Now it might just be me, but sometimes I feel a litttttleeeee selfish when I have girly time when I live with W. Much as I love smoothing on a facemask, lighting some candles and painting my nails, there’s always something else to do! We love baking together, playing on the Xbox – even our usual messing around just isn’t possible during a pamper evening (wen you’ve seen the damage a tickle fight does to freshly painted nails you’ll understand!). Him being away gave me the excuse to have perfectly manicured nails, I used a facemask every other day and I danced to Taylor Swift every night.

Oh, and I was able to watch Bridget Jones, 50 First Dates AND Bride Wars without anyone whinging all the way through it. #Winning!
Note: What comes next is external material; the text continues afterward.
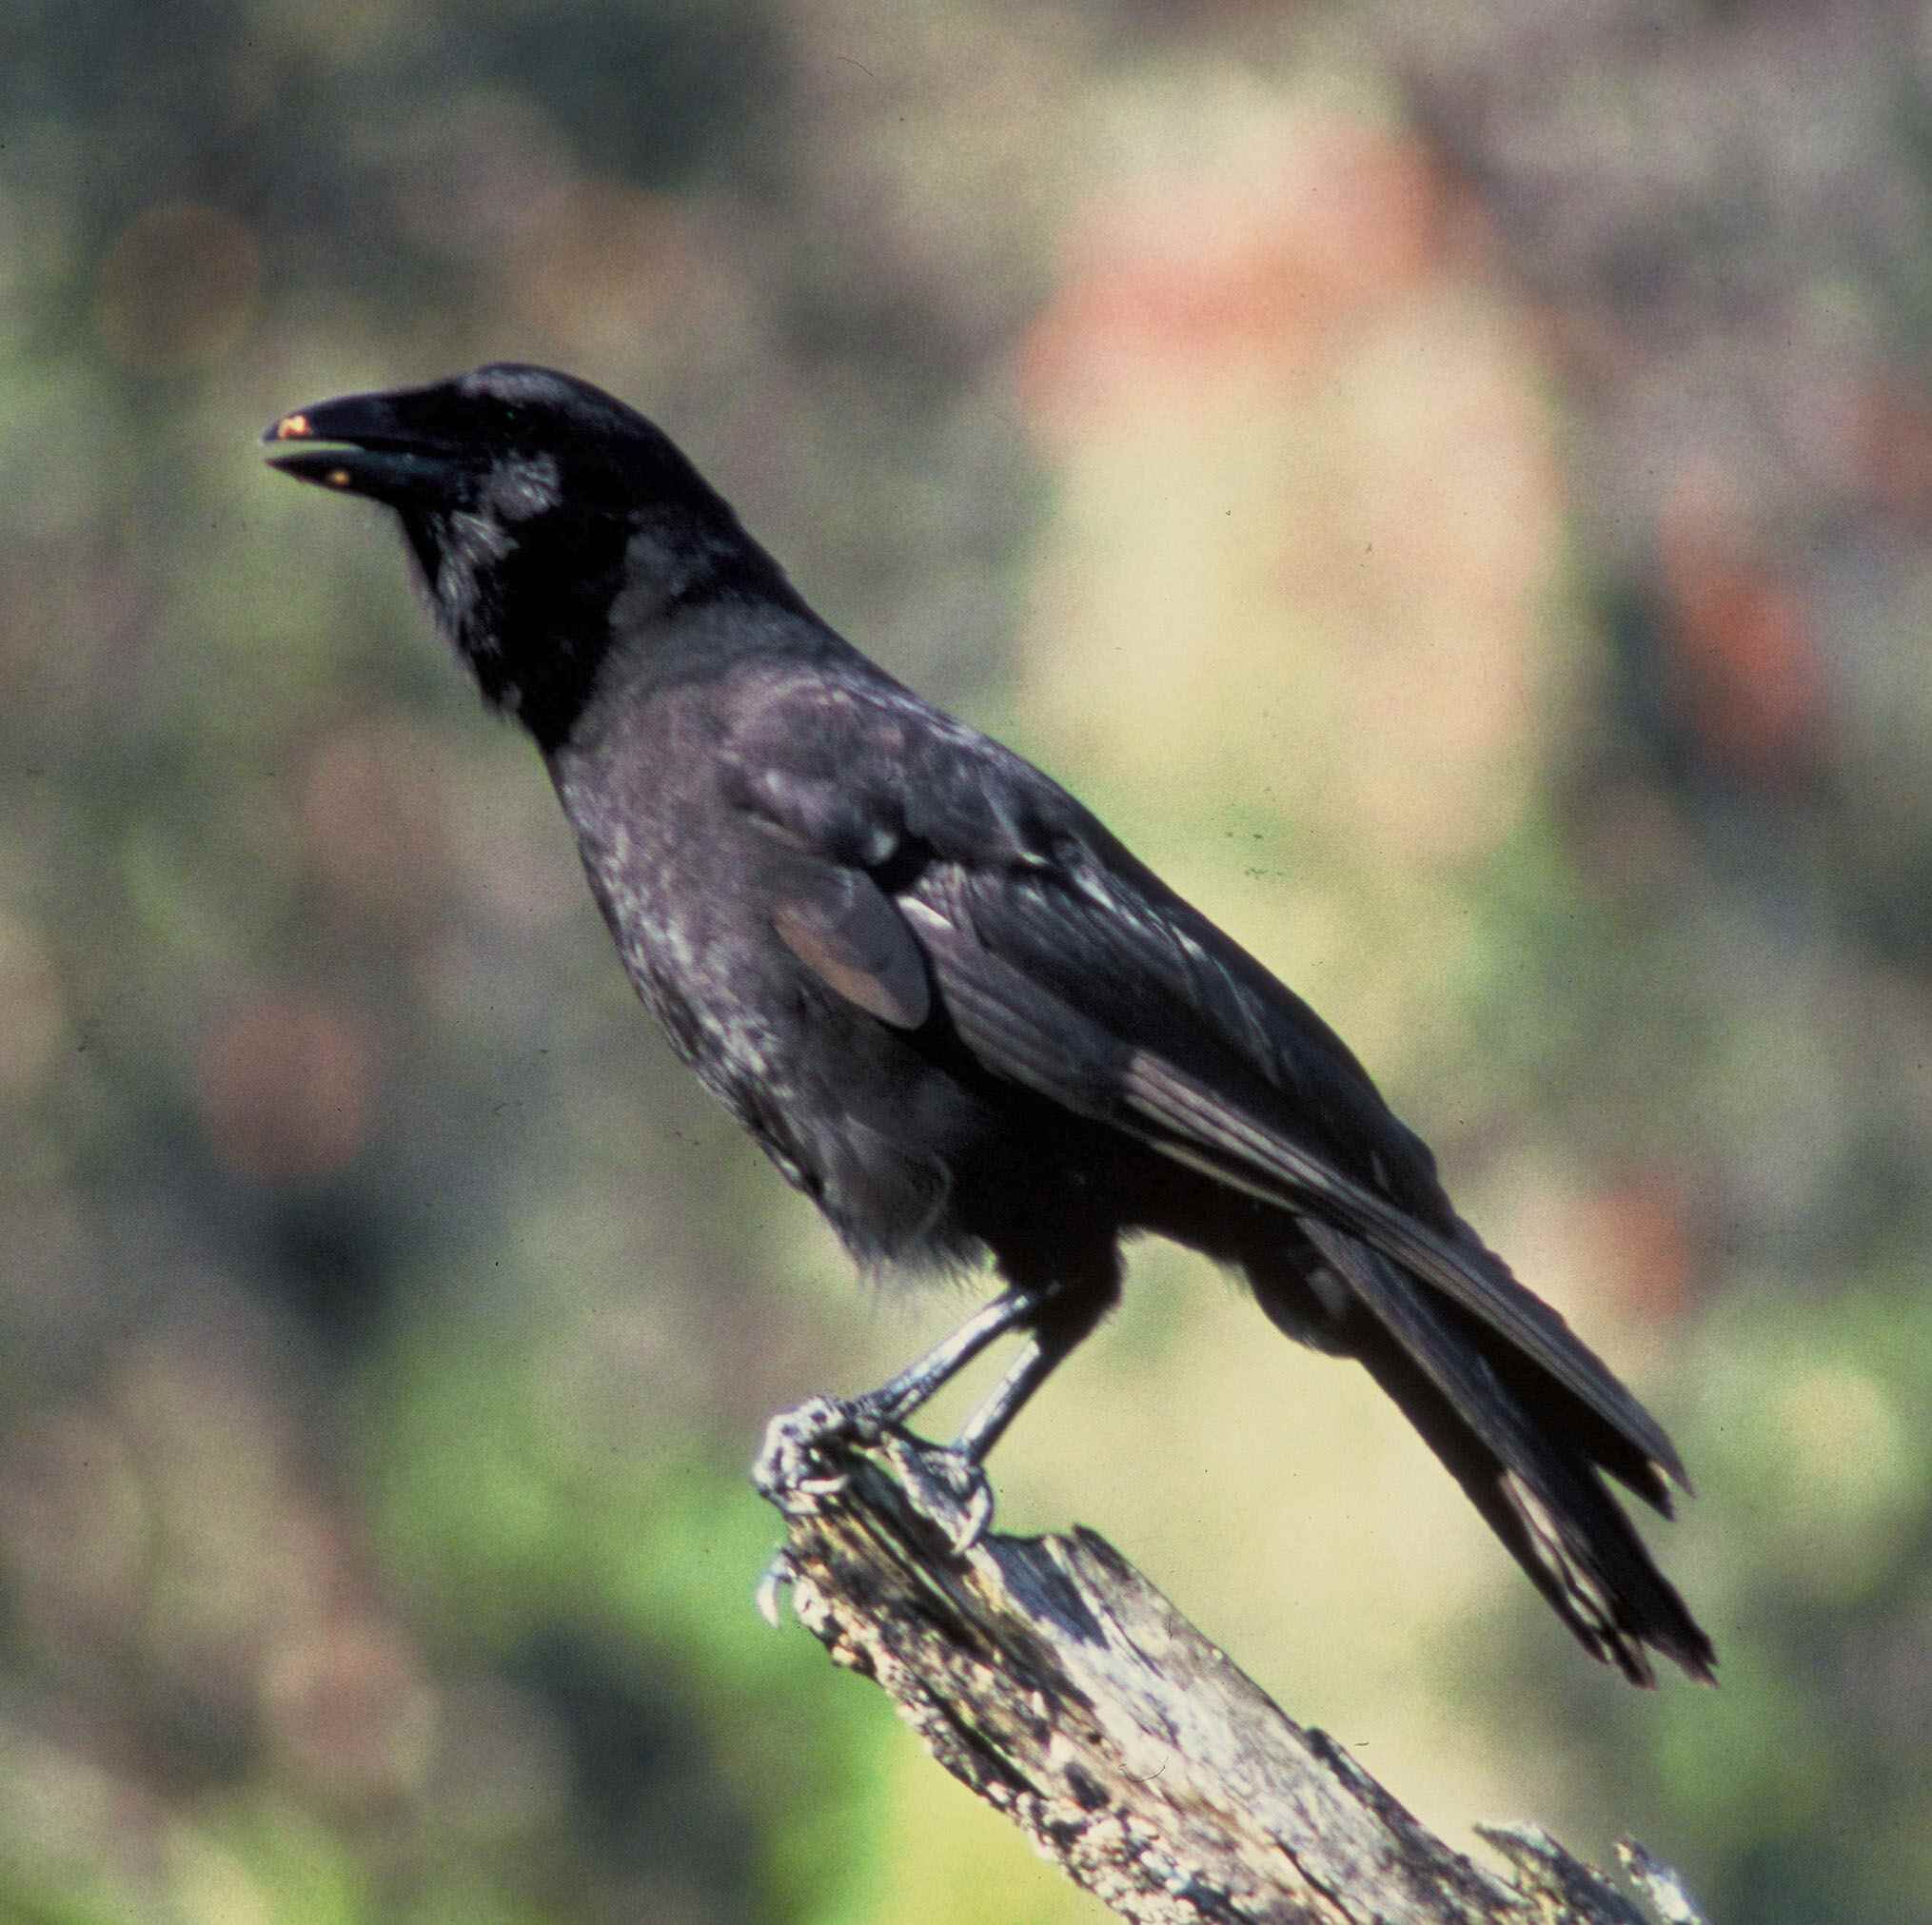 Bird brains: Public asked to look out for clever rooks - BBC News

Have a Backup/Emergency Plan

Now, I’m quite accident prone. In fact, I’m really proud of the fact that I only had ONE accident during January (picked up a pan that had been in the oven with bare hands; 3 fingers and my thumb on my writing hand blistered…). But accidents like this aside, I made sure someone nearby had spare keys to our flat/block (because I was convinced I would lock myself out – I didn’t). I made W show me exactly where the fuse box/water supply bits etc were so I could ‘fix’ things in an emergency. I made a big effort to make friends locally so I had people I could rely on in an emergency.
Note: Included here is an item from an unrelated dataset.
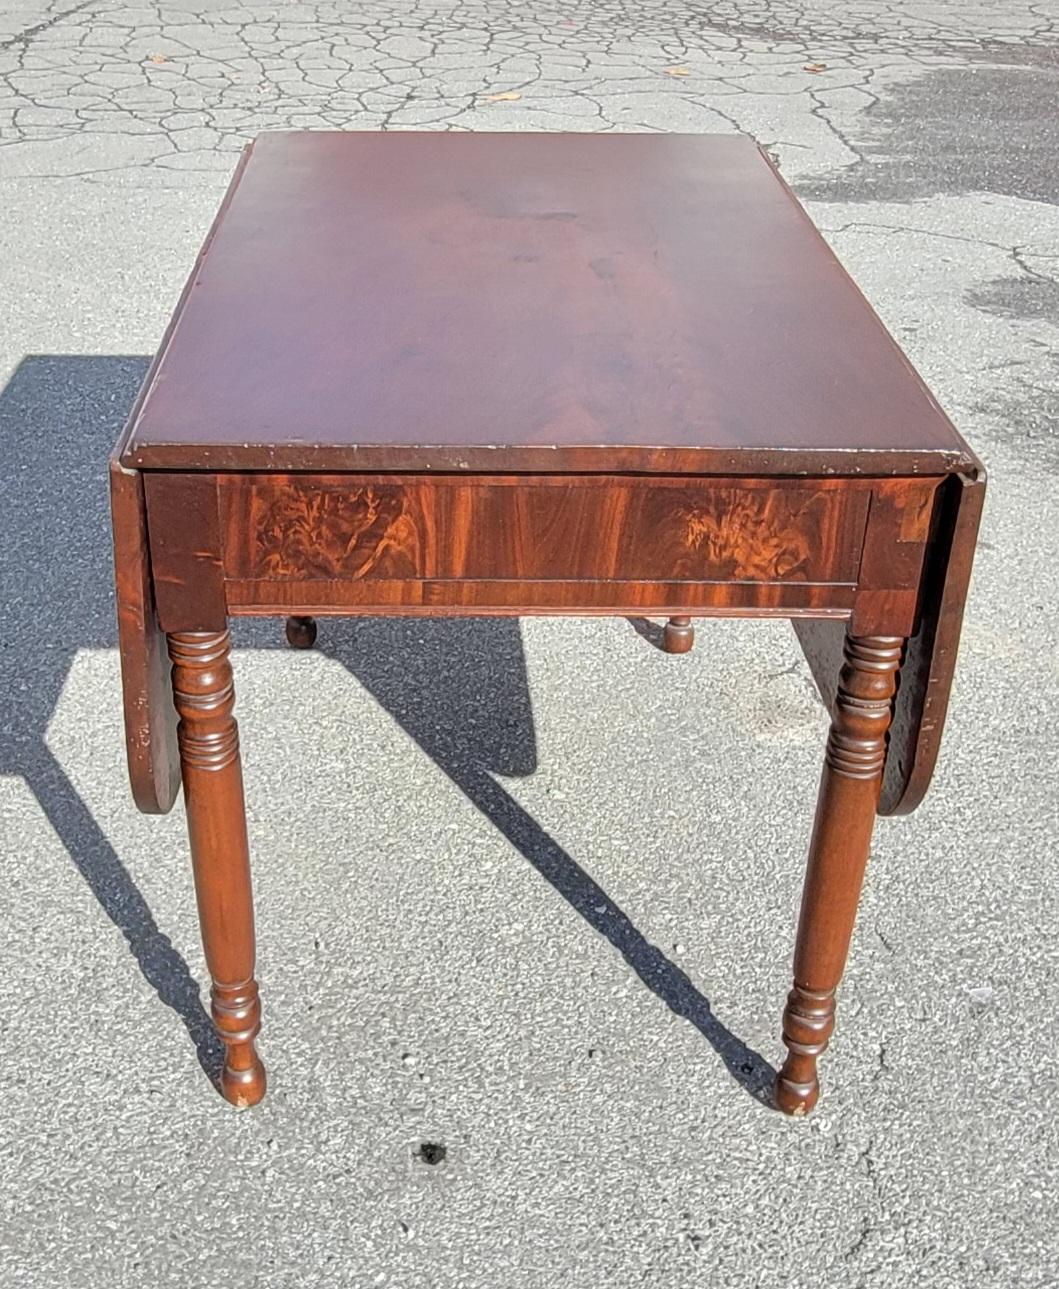 19th Century American Empire Federal Flame Mahogany Drop-Leaf Dining Table For Sale 10

As you can see, I’m a planner. I didn’t need to do that, I had no emergencies, but it gave me a massive peace of mind.

Batch Cook

Weirdly, I had absolutely no problem with cooking for myself every night at university. This January, however, I hated it. I would get home from work, study for an hour or two, then realise I had to cook. Quite often it was nearing 10pm before I sat down with some food. Trust me, the h-anger was real!

For the last few weeks I got into a routine where I’d prep a few things over the weekend (even if it was just chopping veg) and it definitely helped. There was less relying on pizza – and it’s put me in a better meal-prep frame of mind now he’s back too!

Background Noise

Normally I’m a lover of silence. I don’t listen to music. I work/study without any background noice. I rarely use headphones. However even I needed SOME background noise when in a house on my own. My favourite trick is to put the radio on, as the chit-chat at least makes me feel like I’m having a conversation – I had one study day where I didn’t speak AT ALL to anyone. Sad day!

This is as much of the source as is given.